▸ **Exercise requirements**
Copy out all of the lines below exactly; the pictures do not belong in the copy.

▸ **Recorded data**
──────────
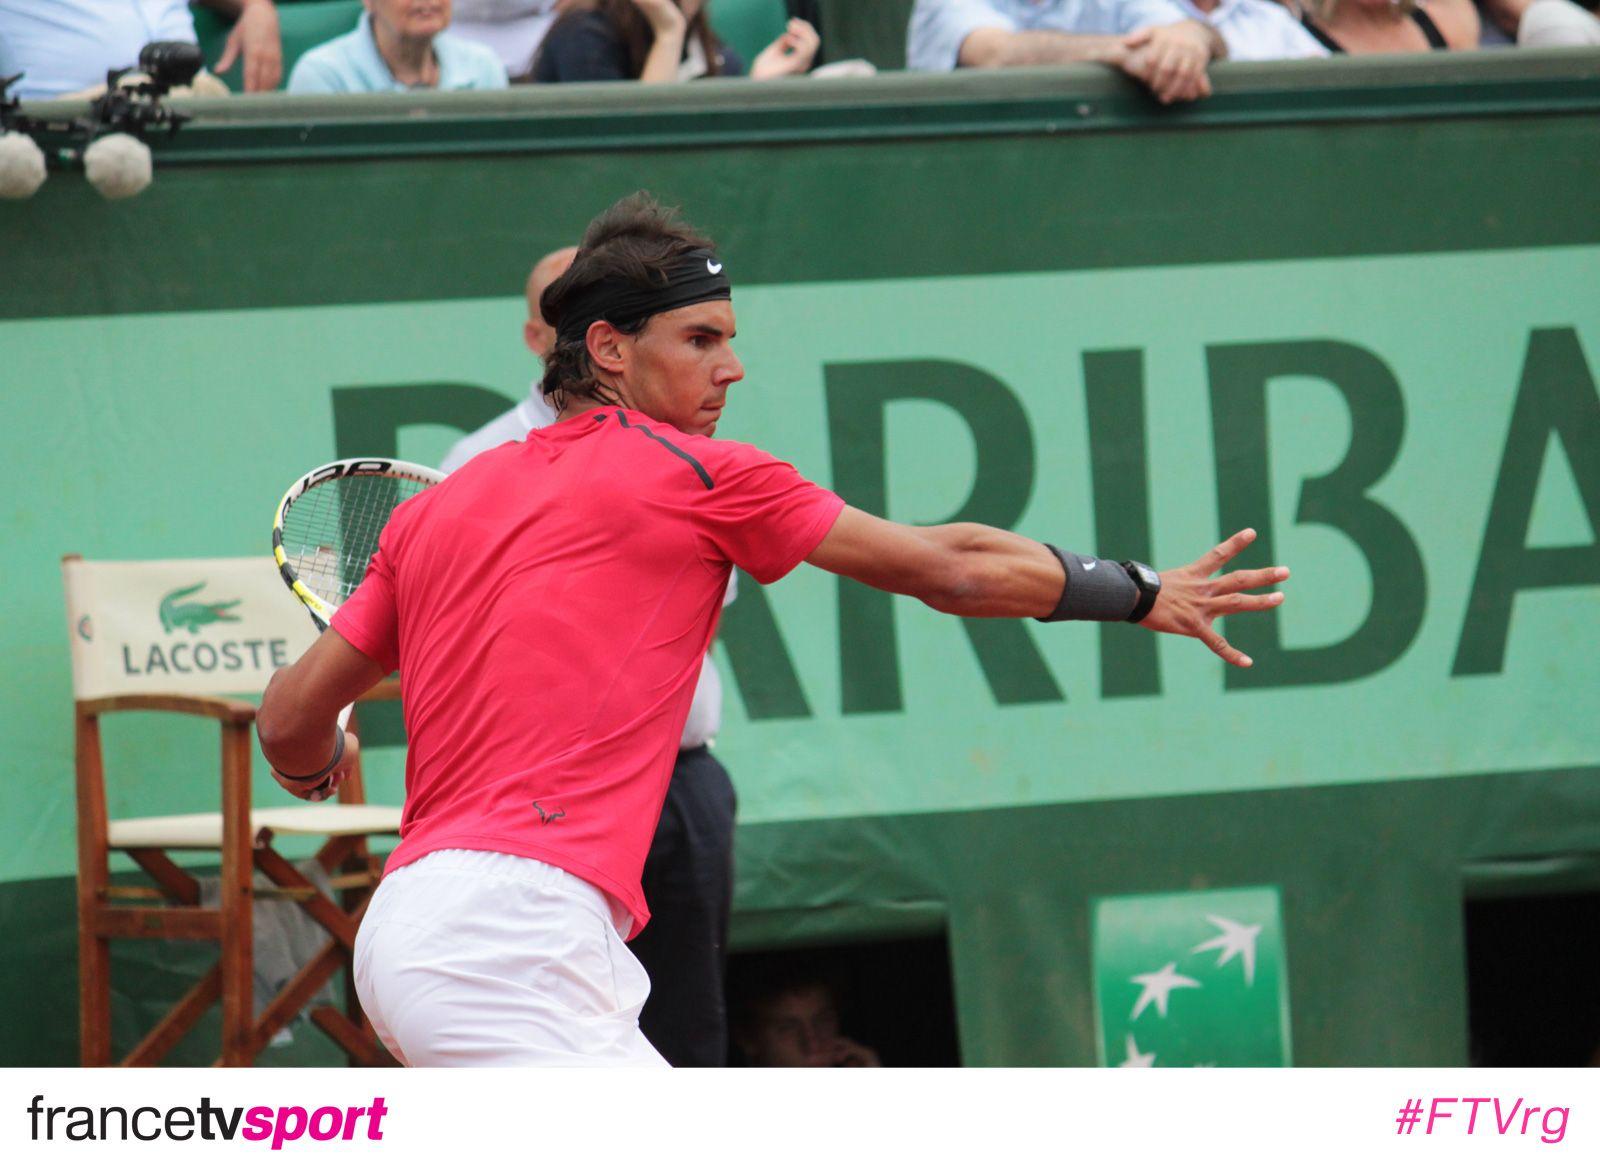 Nadal toujours aussi efficace Roland garros, Roland
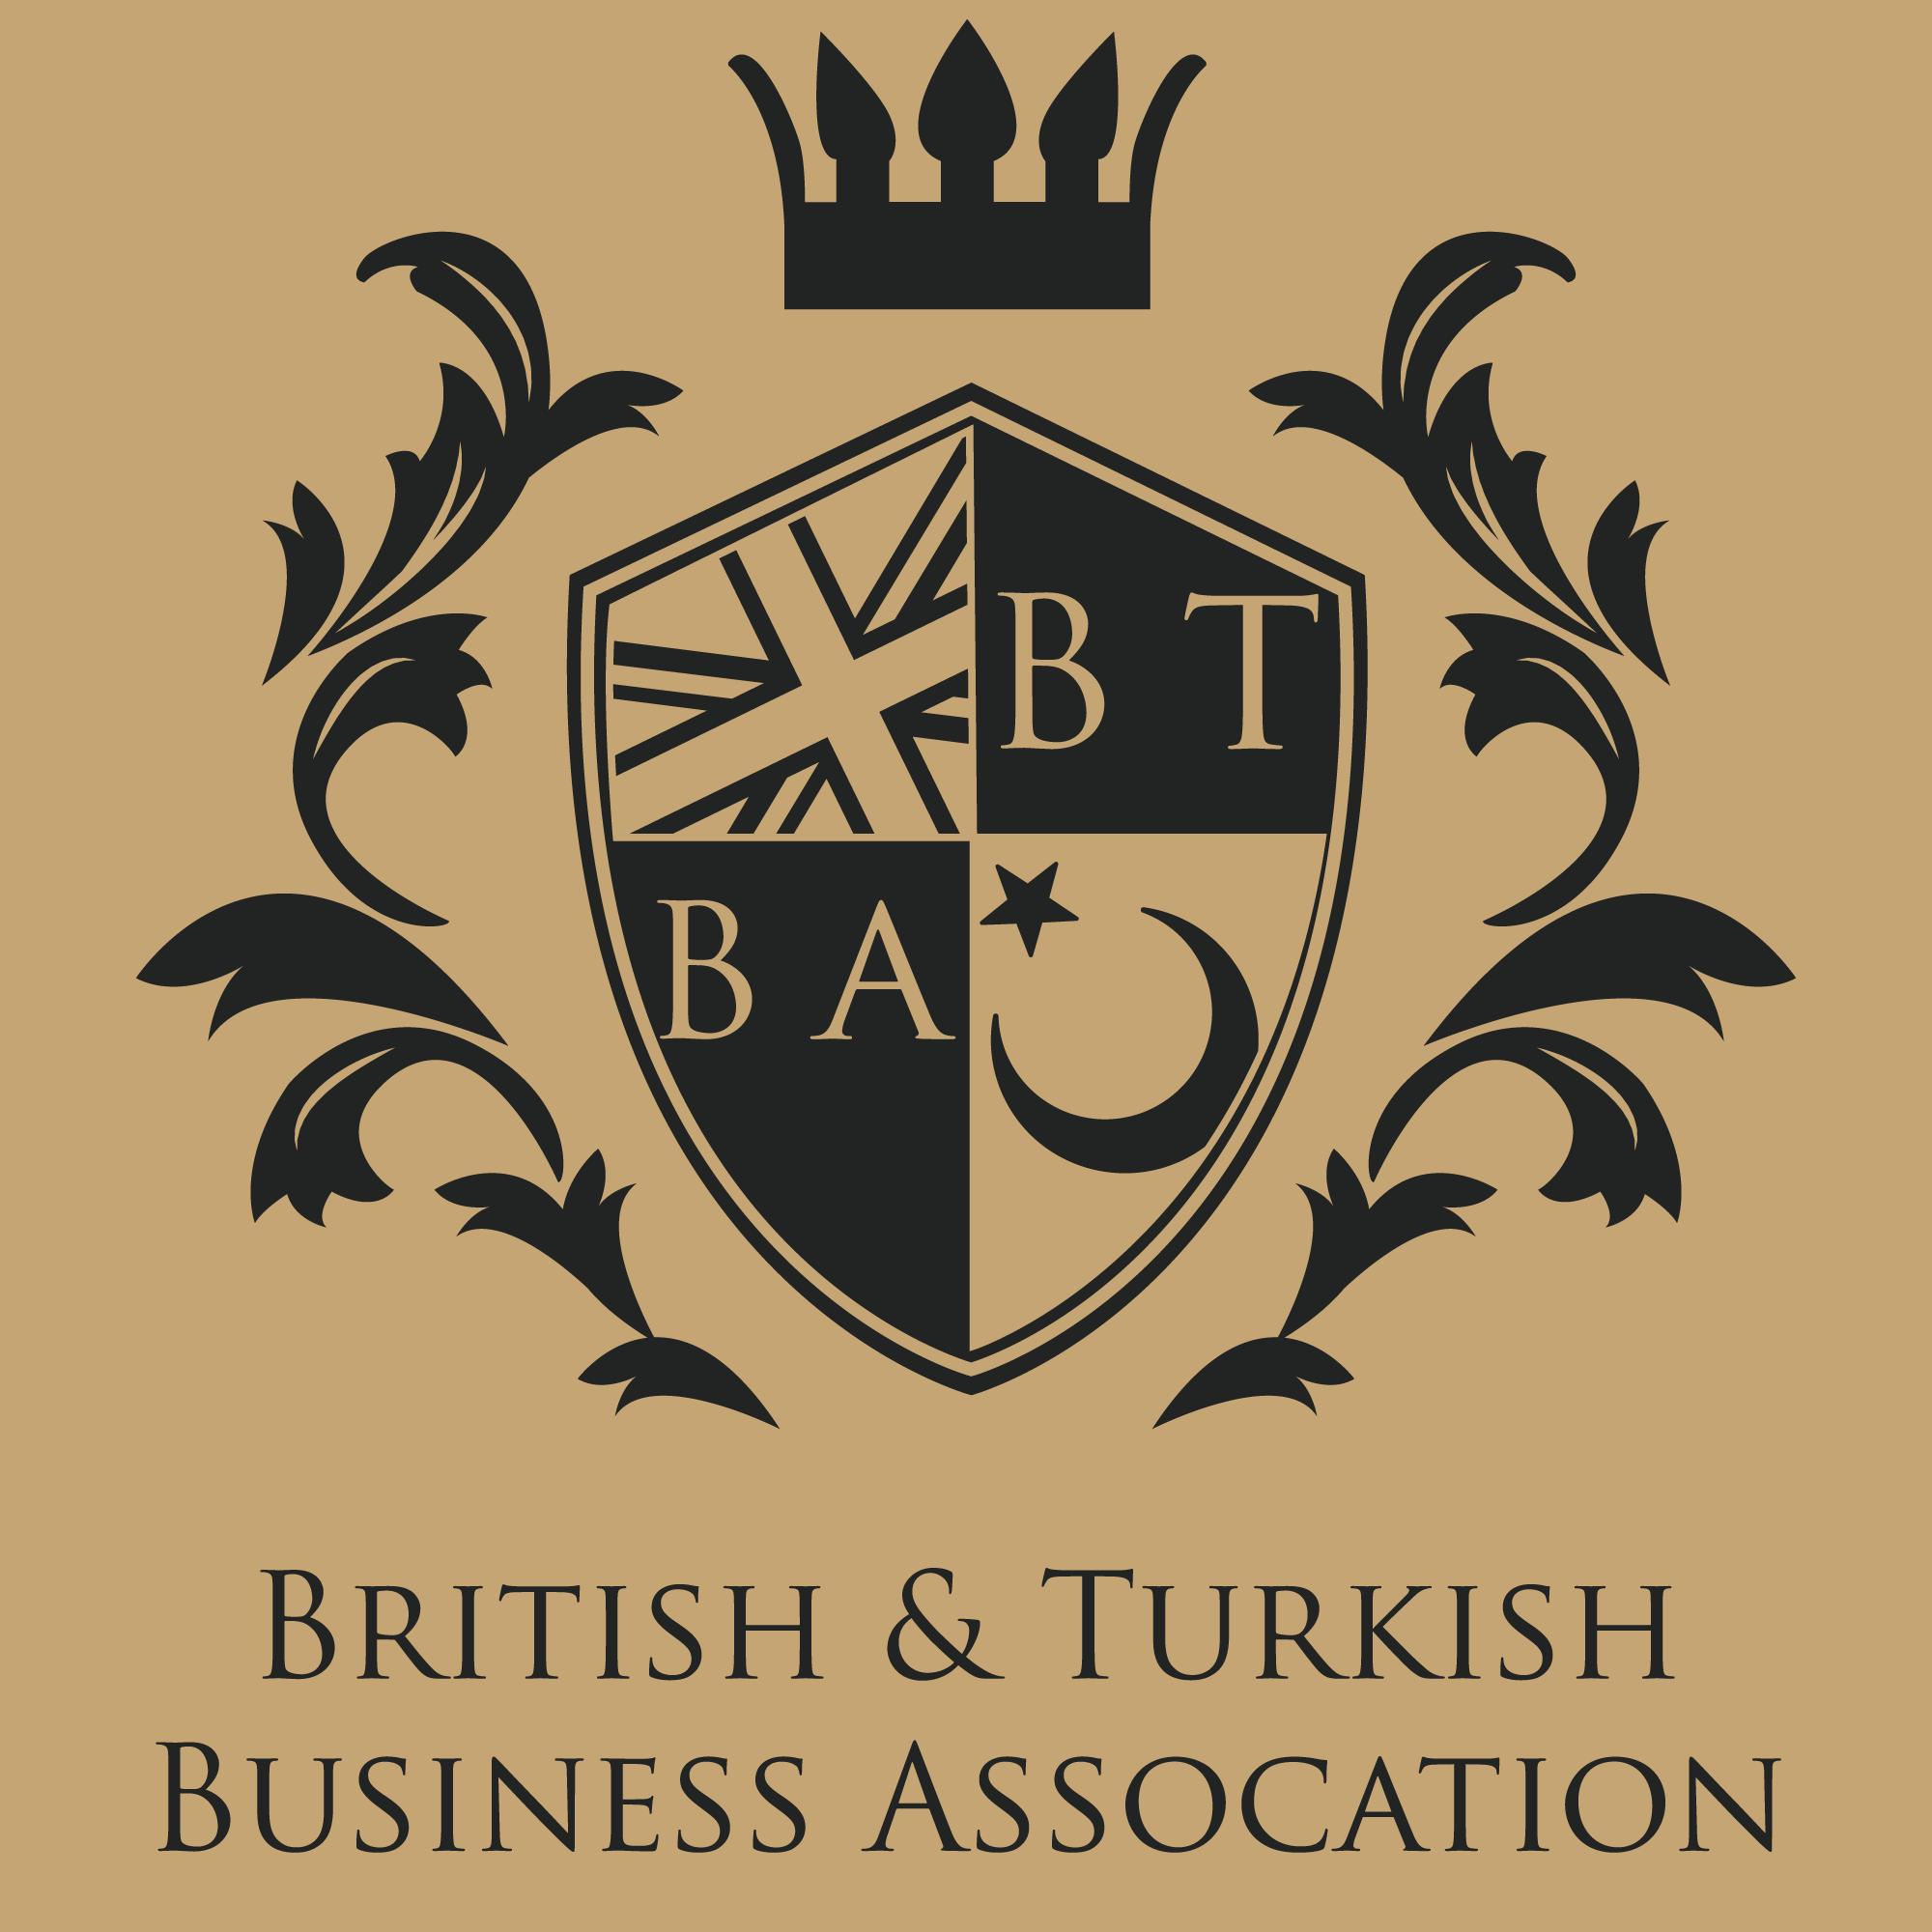 British & Turkish Business Association - Logo - GoldBG
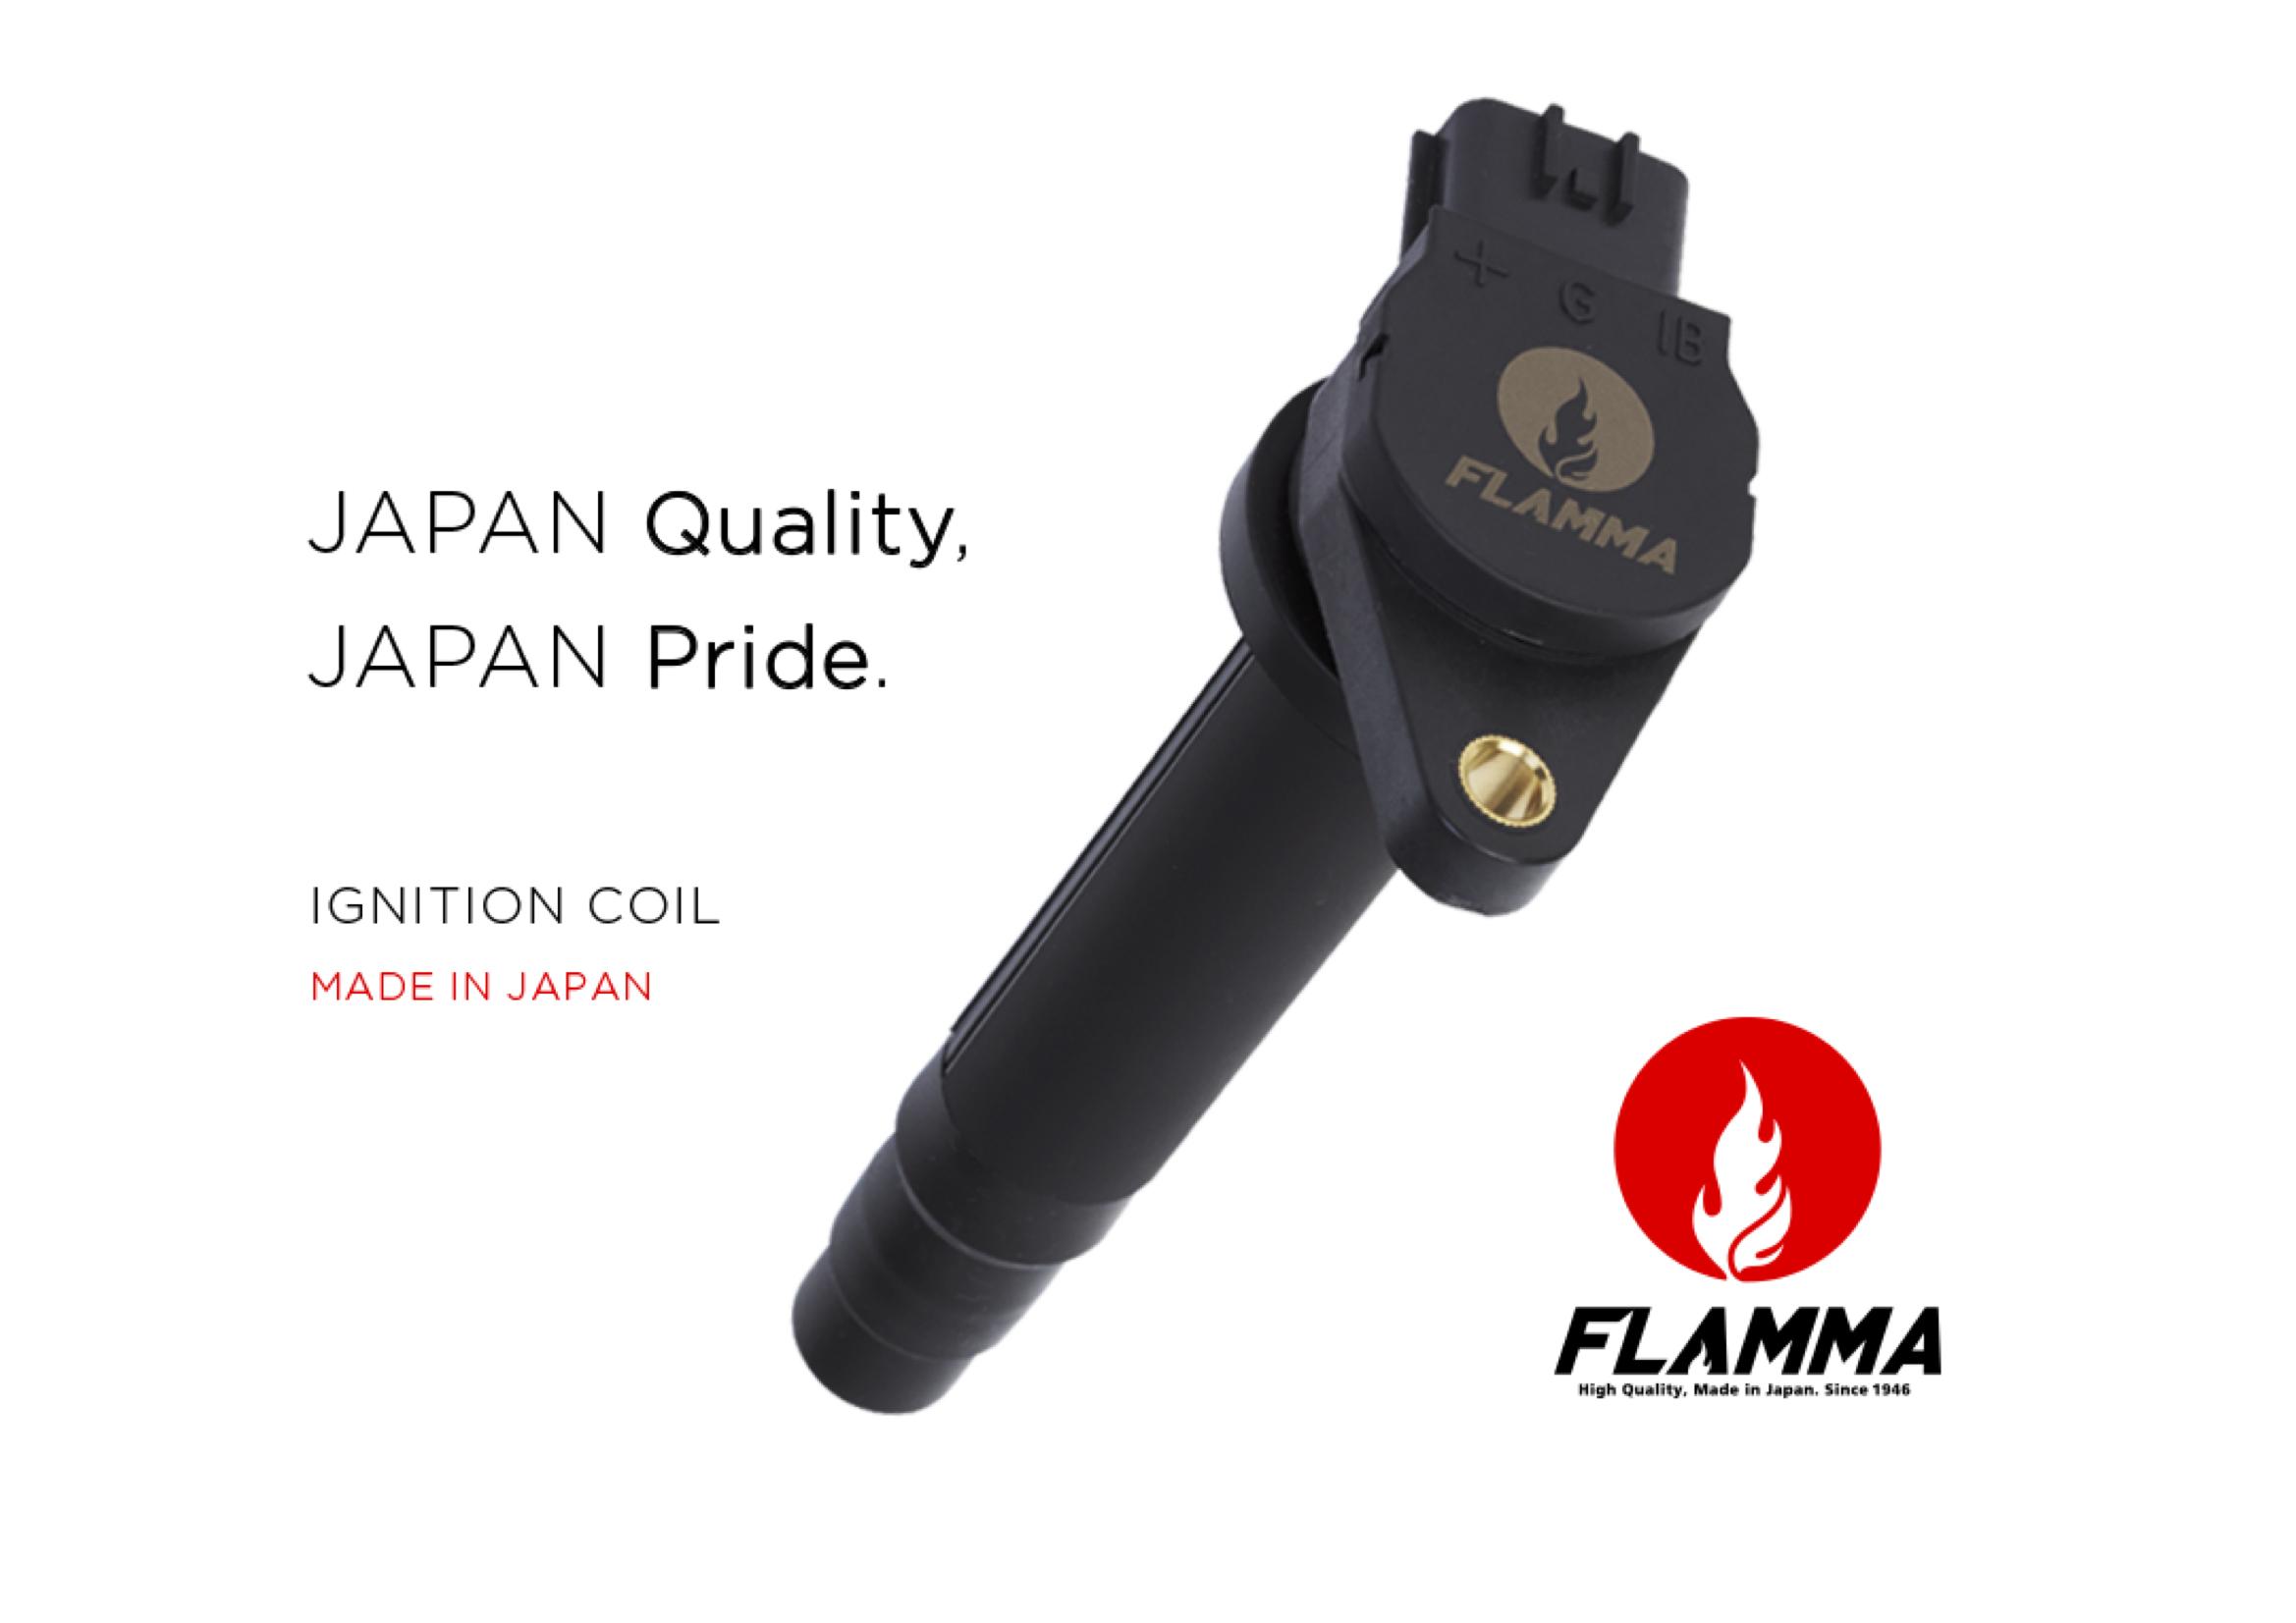 FLAMMA IGNITION COIL
──────────
▸ **Worked solution**
 Nadal toujours aussi efficace Roland garros, Roland
 British & Turkish Business Association - Logo - GoldBG
 FLAMMA IGNITION COIL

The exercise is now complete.